Le galet

Elle m’attrape, m’enveloppe, m’examine, me soupèse, me fait glisser d’un doigt à l’autre. Je pense que je ne lui suis pas indifférent.

Parfois, elle me stoppe entre son index et son annulaire mais il est évident que je ne partirai pas en ricochets, je suis bien trop lourd.

Positionné à la verticale tel un menhir, j’enchaîne les tours sur moi-même. Puis je reviens au creux de sa main, chaude.

Je dois la rassurer. Elle m’étreint mais sans m’oppresser. Mon grain de peau ne doit pas lui déplaire. Nous échangeons nos caresses. Je suis lisse et doux. Pas d’irrégularités, ni dans la forme ni dans l’aspect.

A s’y méprendre, on pourrait me penser savonnette, une savonnette de Santorin par ma couleur violacée. Mais je n’ai aucune envie de m’échapper.

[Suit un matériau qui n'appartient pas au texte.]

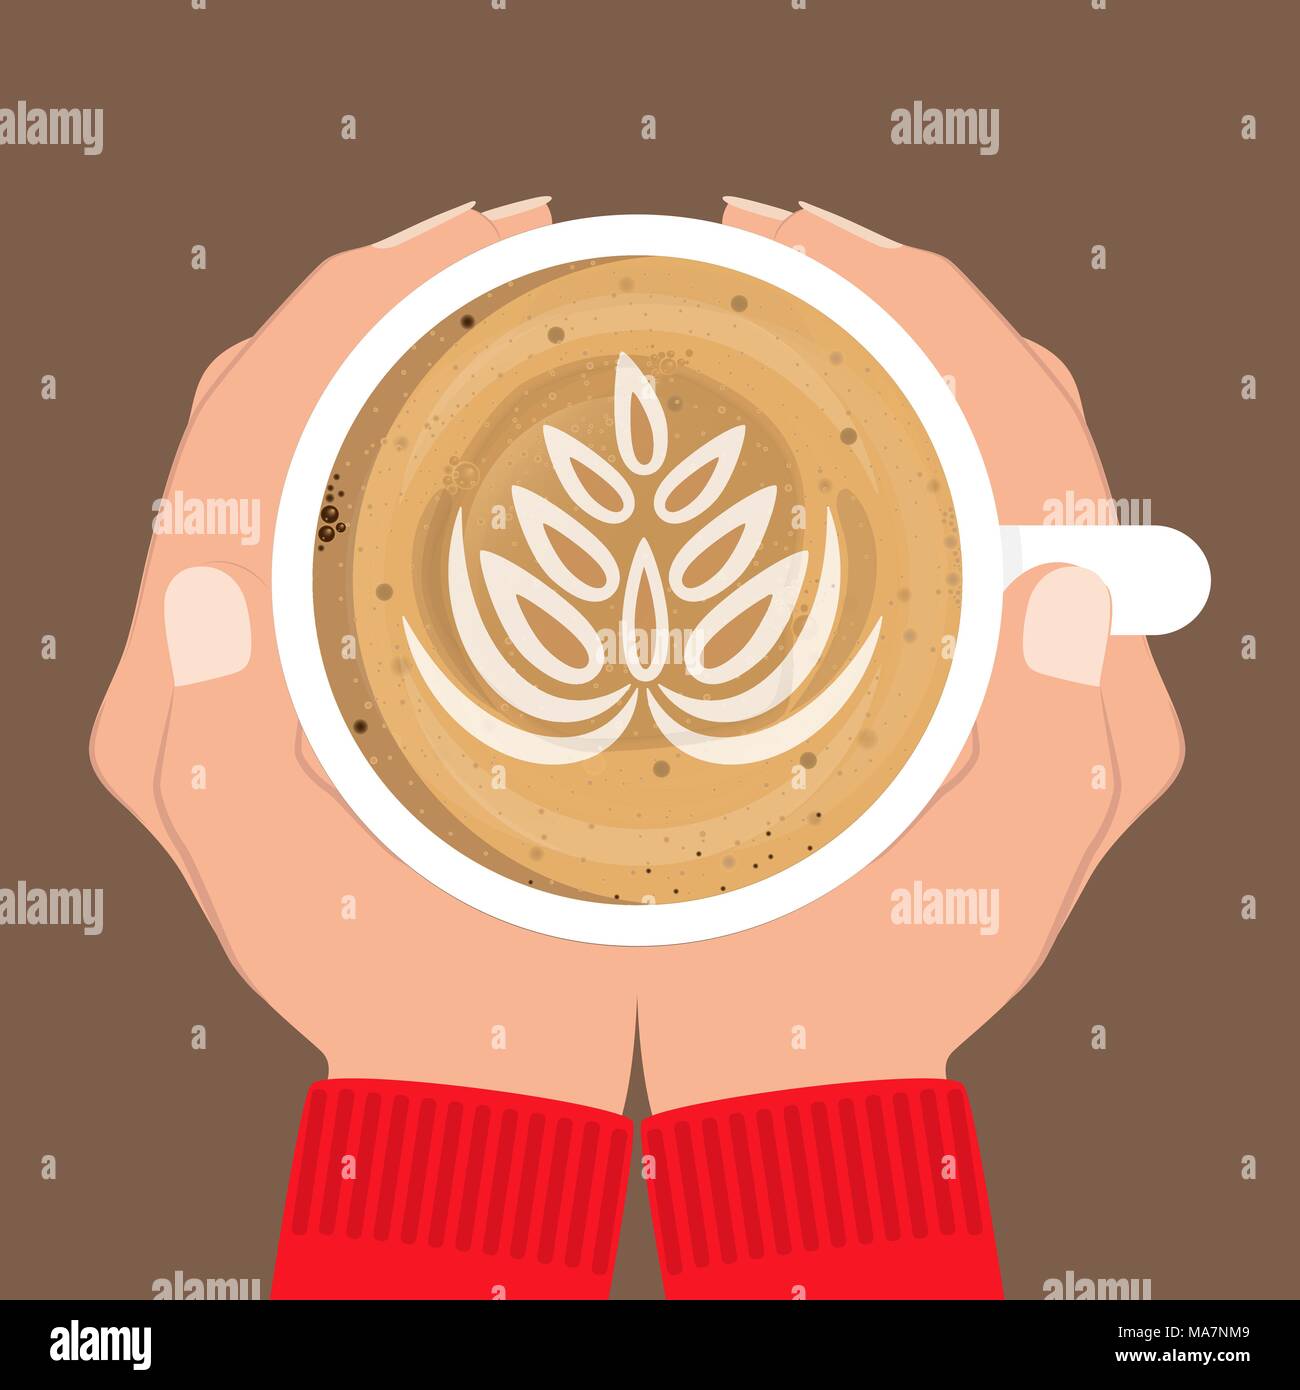 Hands holding a cup of coffee. Two hands grasping a cup of coffee. Vector illustration Stock Vector

Non, je suis bien avec elle ! L’instant est serein. Hors du temps. Rien que nous deux.

Je suis persuadé qu’elle n’envisage aucun usage quelconque pour moi, tel un vulgaire presse papiers administratifs ou telle une décoration minérale sur un lit de sable.

Non, au premier contact, j’ai su que ma simplicité comportait l’essentiel.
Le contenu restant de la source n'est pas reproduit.